"Everybody's got a piece of their heart thats been stepped on and torn apart, but you gotta be strong, you gotta walk on." (Things are gonna get better - David Archuleta)
Fera sedang duduk di meja kerja tertegun memikirkan sesuatu.
“Jangan melamun pagi-pagi ntar kesambet setan....”
Fera sontak kaget mendengarkan suara seorang pria,
“Pak... Pak Dion....” ucap Fera tergagap.
“Ini....” Dion menyodorkan segelas cappucino hangat yang baru dibeli di Kafe yang terletak di lantai dasar kantor.
Fera tampak ragu hendak mengambil atau tidak, Dion kembali menyodorkan sambil mengangkat kepalanya memberi kode untuk menerima minumannya. Fera kemudian mengambil dan menyeduhnya pelan. Terlihat gempulan asap muncul dari bibir mungilnya.
"Tio kemana ya? Gue gak ada lihat dia di ruangannya,"
"Mas Tio ada meeting sejak pagi, tadi setelah mengantar saya dia langsung pergi," jawab Fera pelan kemudian menyeduh lagi cappucino hangatnya.
Dion mengangguk kepala mendengarkan jawaban Fera.
"Bagaimana?"
Fera mendongak ke arah Dion tidak mengerti maksud pertanyaannya.
"Eh maksud gue, bagaimana kerja di sini? Enak? Nyaman?" Jelas Dion menguraikan maksud pertanyaannya.
Fera melemparkan senyum hangat pada Dion, "Alhamdulillah menyenangkan," jawabnya lantang.
Fera tidak menyangkal ia mendapat banyak pengalaman setelah bekerja disini ditambah dapat berinteraksi langsung dengan orang-orang berpengalaman meski desas-desus miring tentangnya masih sering didengarnya terutama dari rekan kerja wanitanya. Ya apalagi jika bukan statusnya sebagai istri direktur, seorang bujangan impian tiap wanita yang sekarang sudah resmi menjadi suaminya. Banyak gunjingan yang merendahkan dirinya seperti jika ia tidak layak bersanding dengan Tio dan hal lainnya yang membuat Fera mesti banyak menarik napas dalam menahan kesabarannya.

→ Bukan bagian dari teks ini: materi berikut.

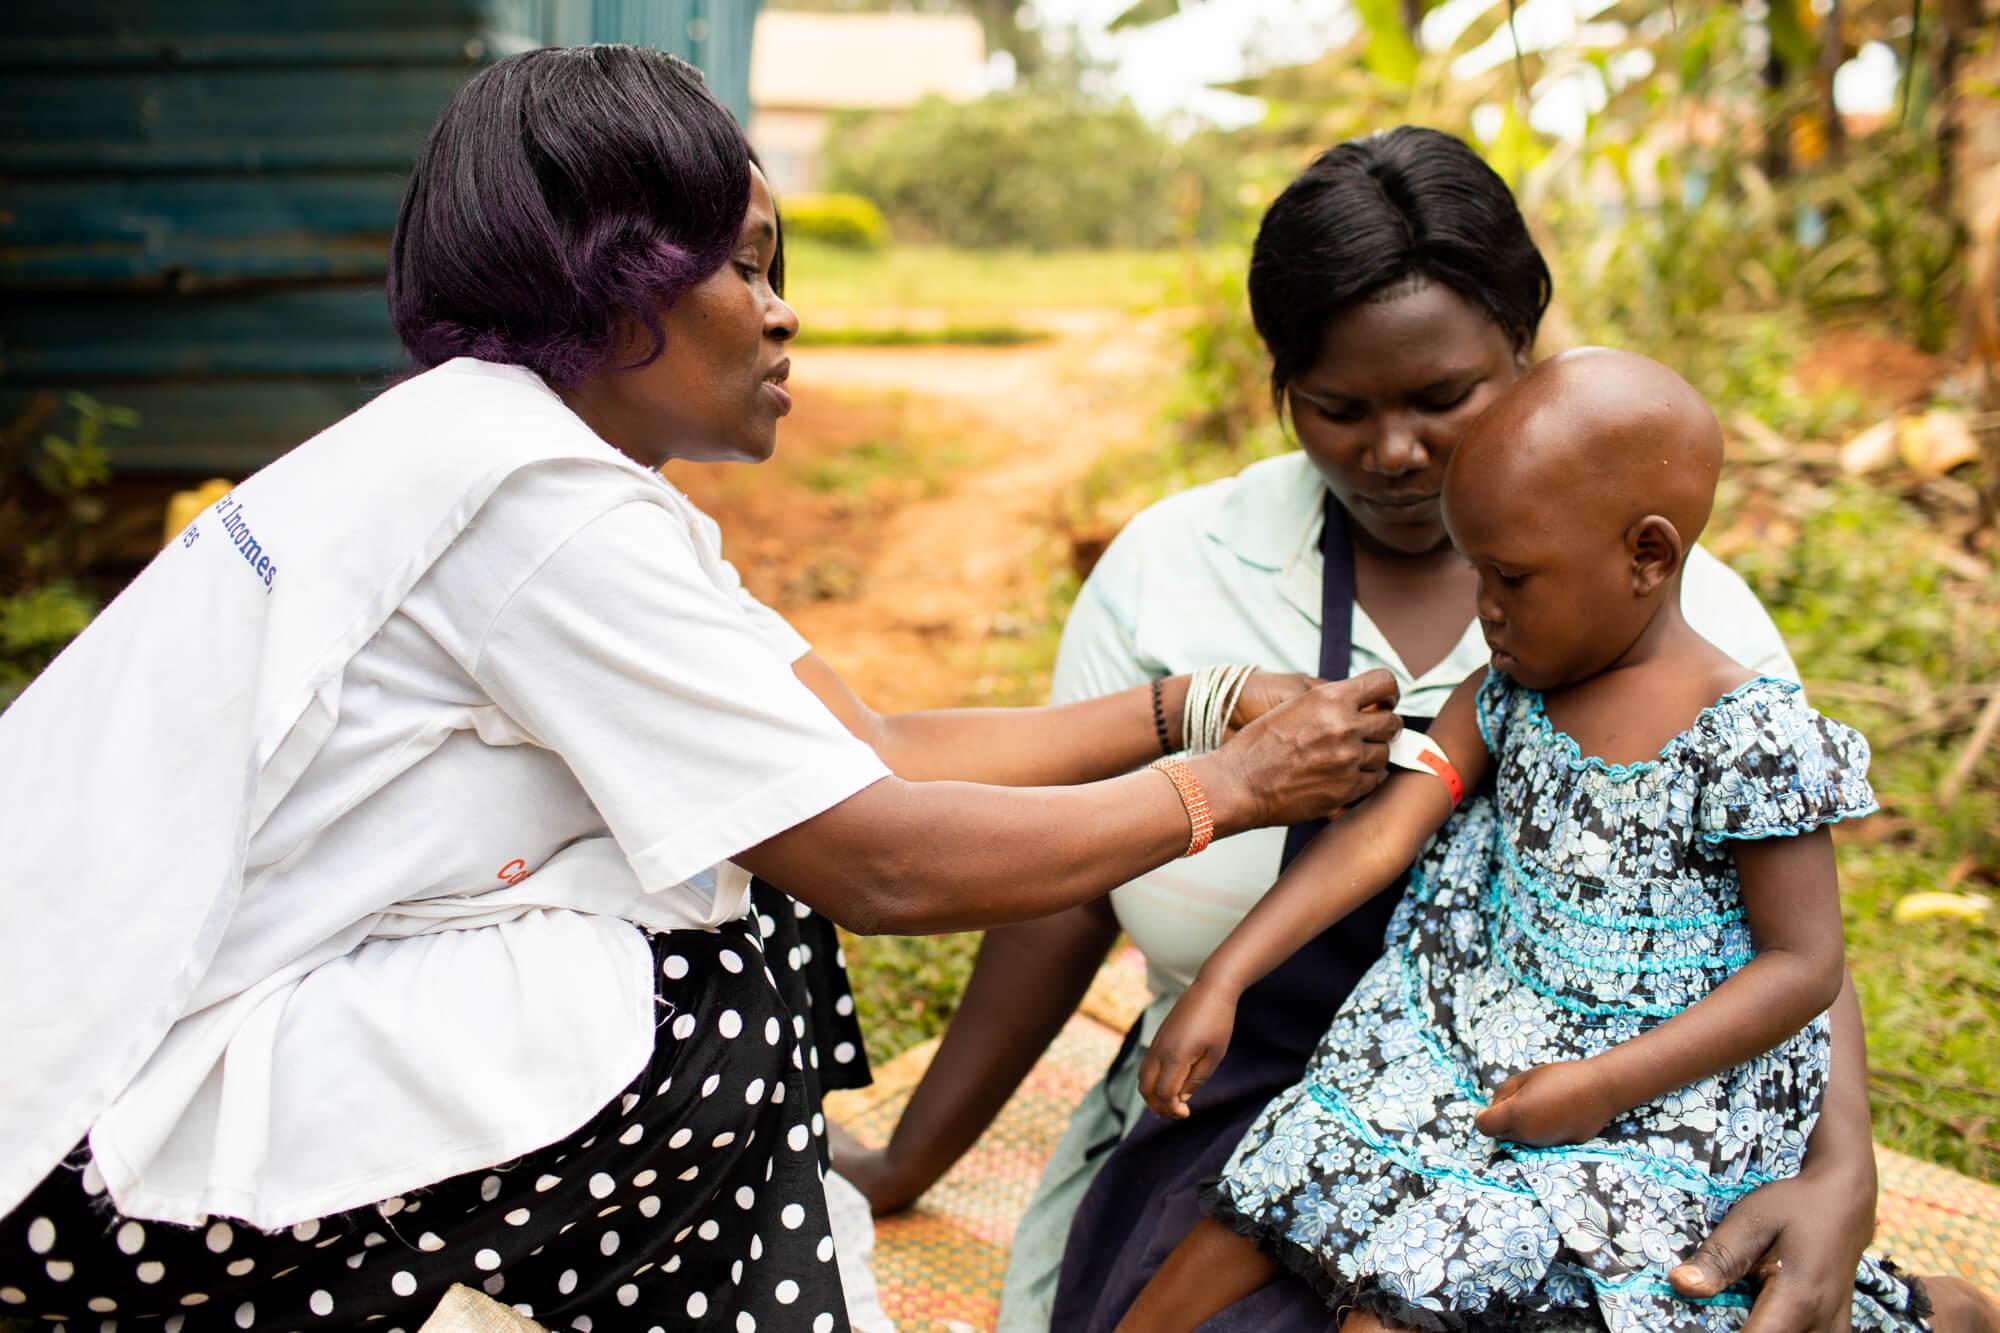 Christine checking child for malnutrition

Dion melihat senyum hangat Fera. Ia mengetahui jika gadis ini pura-pura bersikap tegar di depan semuanya namun dalam hatinya terluka. Ia mengetahui secara detail apa yang sahabatnya lakukan pada gadis ini. Gadis yang lugu, polos dan belum mengenal bahwa dunia ini bisa lebih kejam padanya. Mengenai Tio yang tidak hadir sejak pagi di kantor, ia sudah mengetahui jika Tio sedang menemui Sarah. Sarah adalah salah satu rekan yang pernah bekerja sama dengan perusahaan. Sarah yang pernah menjadi salah satu teman kencan Tio. Sarah yang saat pertama kali dikenalnya ketika Tio mengajak mereka makan malam membicarakan proyek di Riau membuat bulu tengkuknya berdiri. Tingkah genit dengan gaya pakaian yang serba terbuka. Ia selalu menempel kemana Tion pergi. Dion melihatnya saja sudah risih, dia tidak bisa membayangkan dirinya jika ia menjadi Tio harus menanggapi tingkah wanita genit itu.
"Pak Dion belum ke ruangan?" Suara lembut Fera membuyarkan lamunan Dion.
Dion menggelengkan kepalanya, "Fera... jika kita sedang berdua sebaiknya Lo panggil nama gue aja, gak usah pake bapak."
"Tapi Pak... kelihatan gak sopan kalo saya memanggil dengan nama," sergap Fera.
Dion tersenyum melihat Fera. Gadis ini benar-benar sangat berbeda. Ia ikut merasa miris melihat perlakuan Tio yang sangat acuh tidak acuh kepada istrinya ini.
"Ya udah Lo panggil gue kakak aja kalo Lo merasa gak sopan pake nama gue langsung,"
"Kakak?" Tanya Fera.
Dion mengangguk, "Anggap aja gue kakak Lo, oh iya gue balik dulu ke ruangan."
Dion segera pamit ke ruangannya. Ruangannya berada satu lantai dengan ruangan Tio. Ia memperhatikan sepertinya Tio udah balik ke kantornya. Ia pun menuju ke ruangan Tio.